The task: I'd like the data below restated word for word, with the pictures left out.

Supplied information:
————————
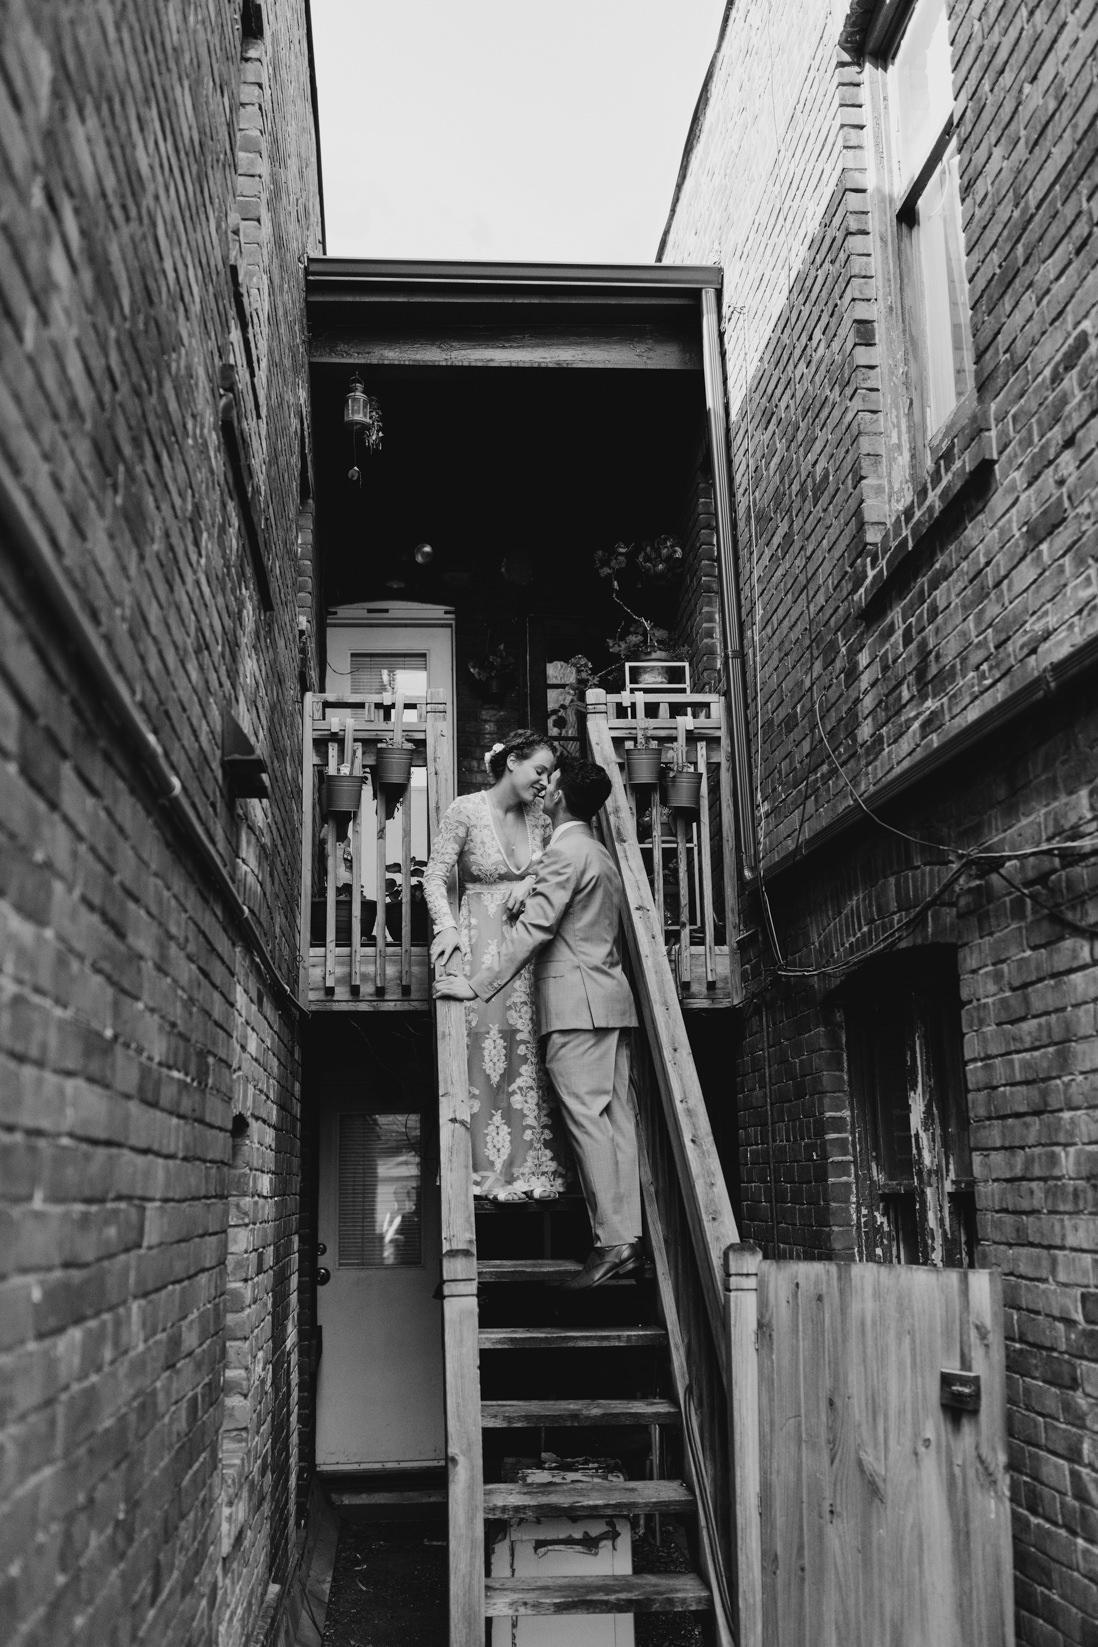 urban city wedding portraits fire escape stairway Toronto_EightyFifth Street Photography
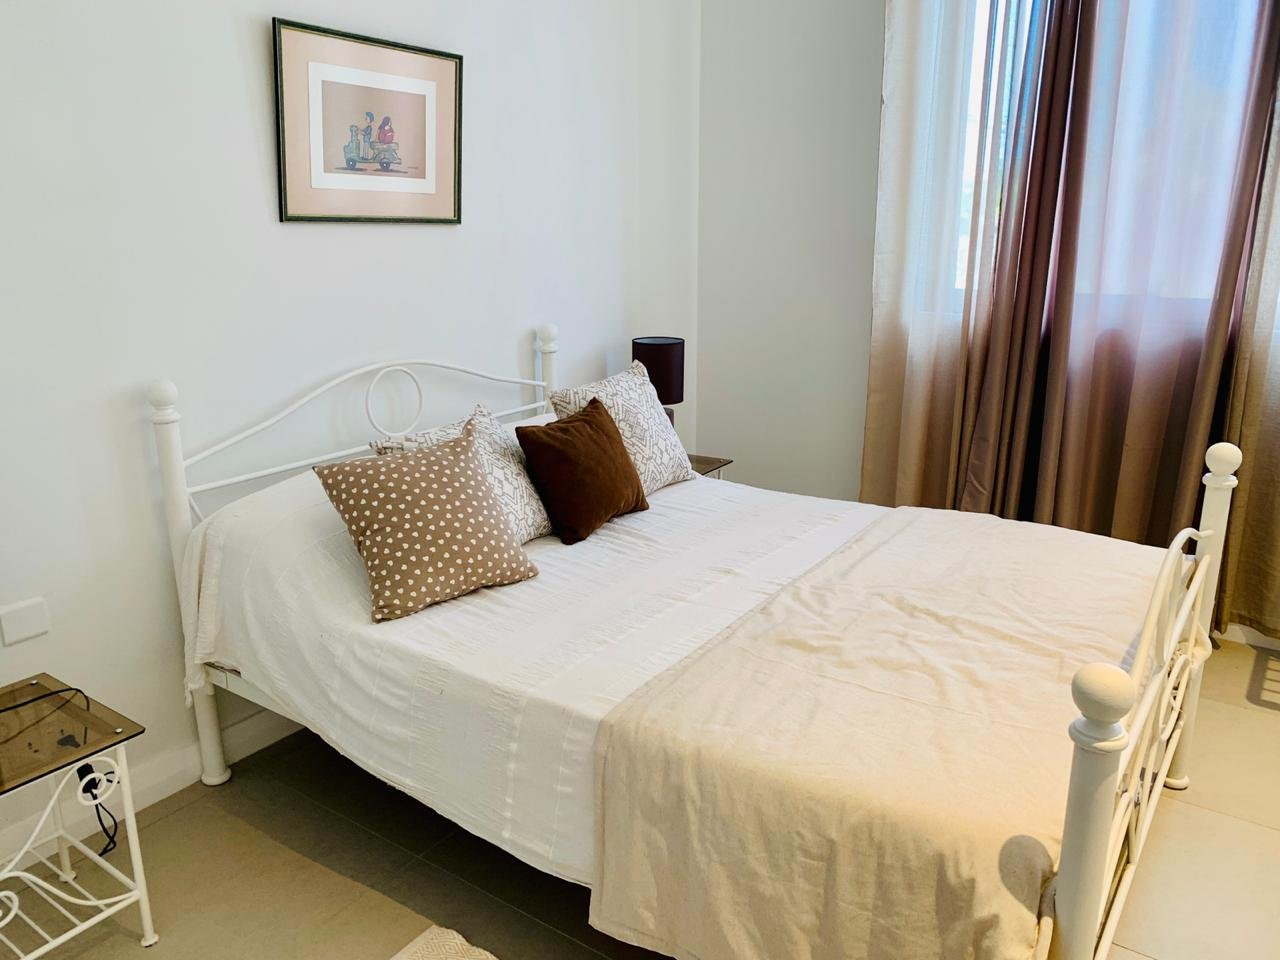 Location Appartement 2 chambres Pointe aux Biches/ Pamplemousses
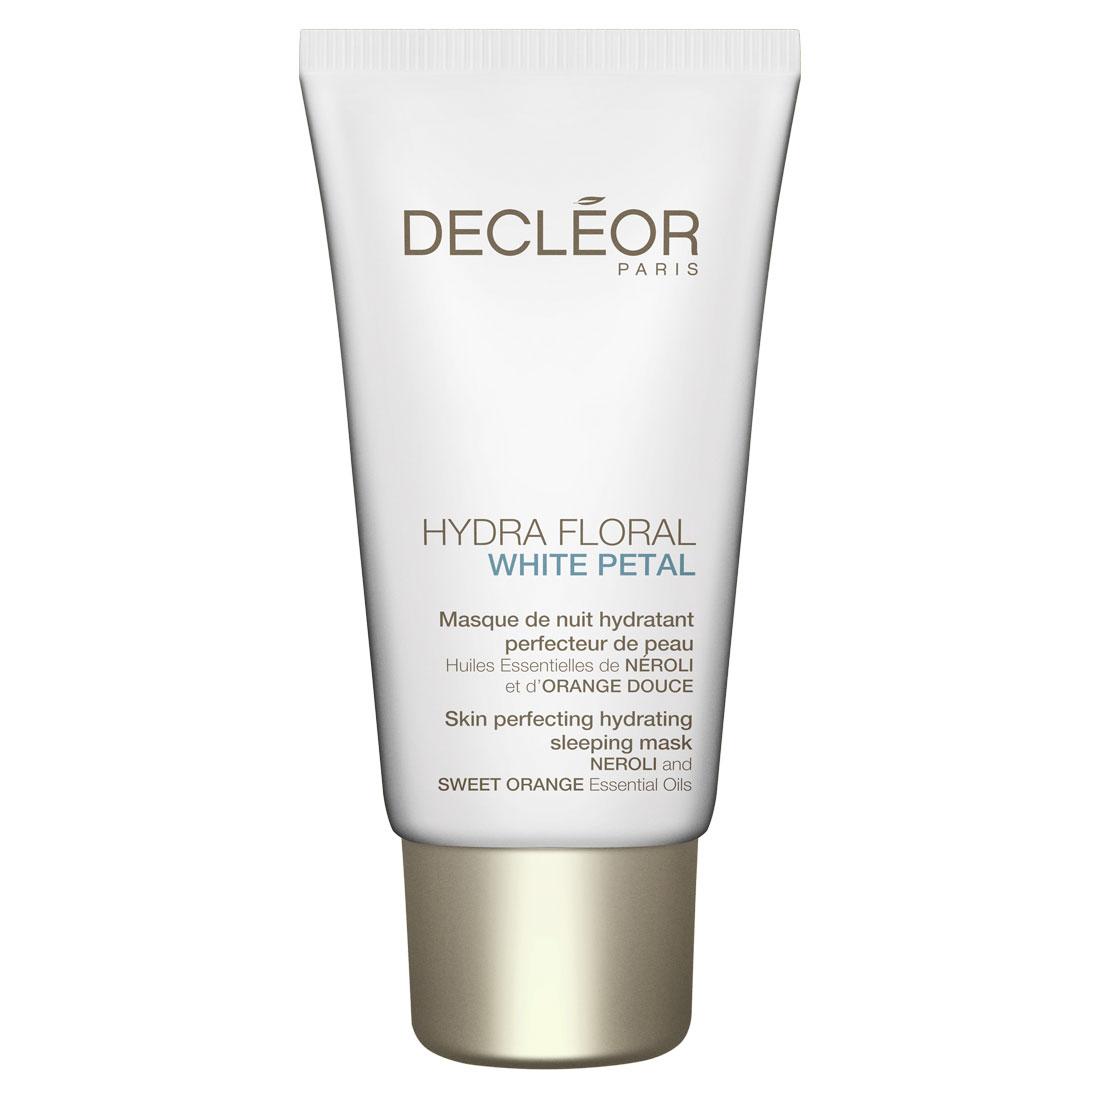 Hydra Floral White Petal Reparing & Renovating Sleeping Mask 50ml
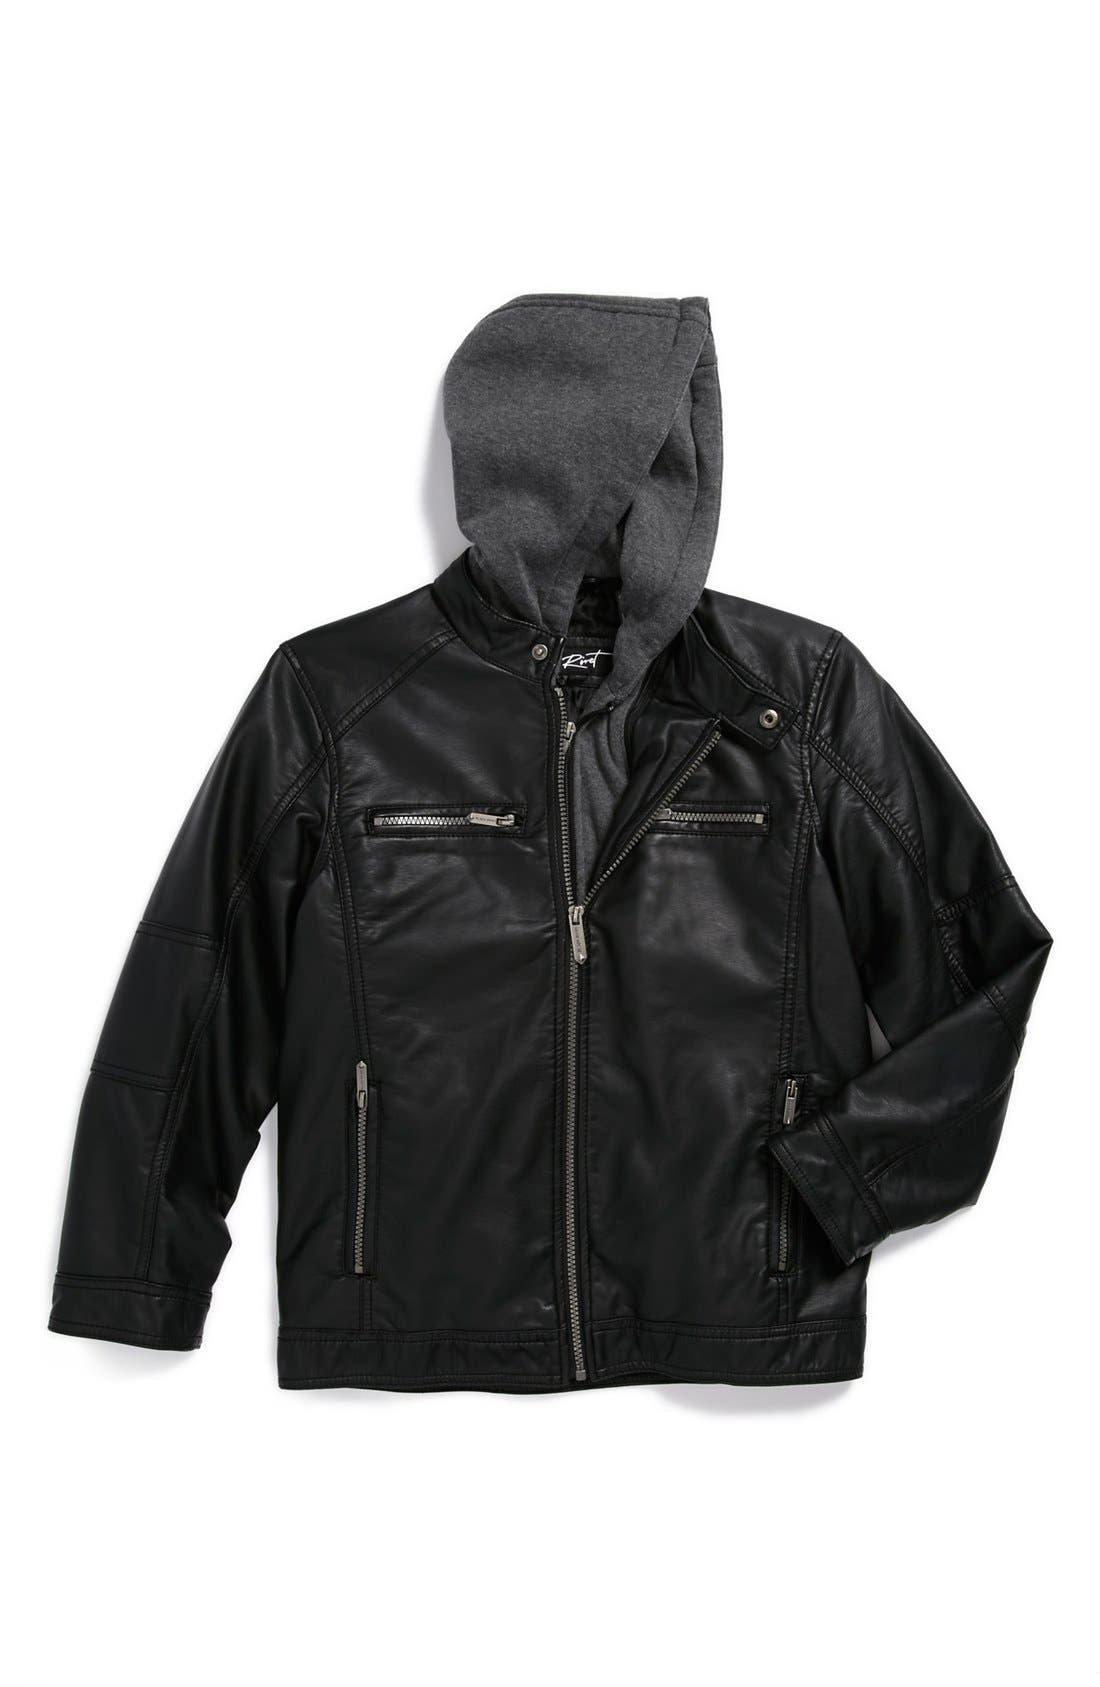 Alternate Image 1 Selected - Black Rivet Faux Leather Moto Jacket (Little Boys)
————————
Written reply:
 urban city wedding portraits fire escape stairway Toronto_EightyFifth Street Photography
 Location Appartement 2 chambres Pointe aux Biches/ Pamplemousses
 Hydra Floral White Petal Reparing & Renovating Sleeping Mask 50ml
 Alternate Image 1 Selected - Black Rivet Faux Leather Moto Jacket (Little Boys)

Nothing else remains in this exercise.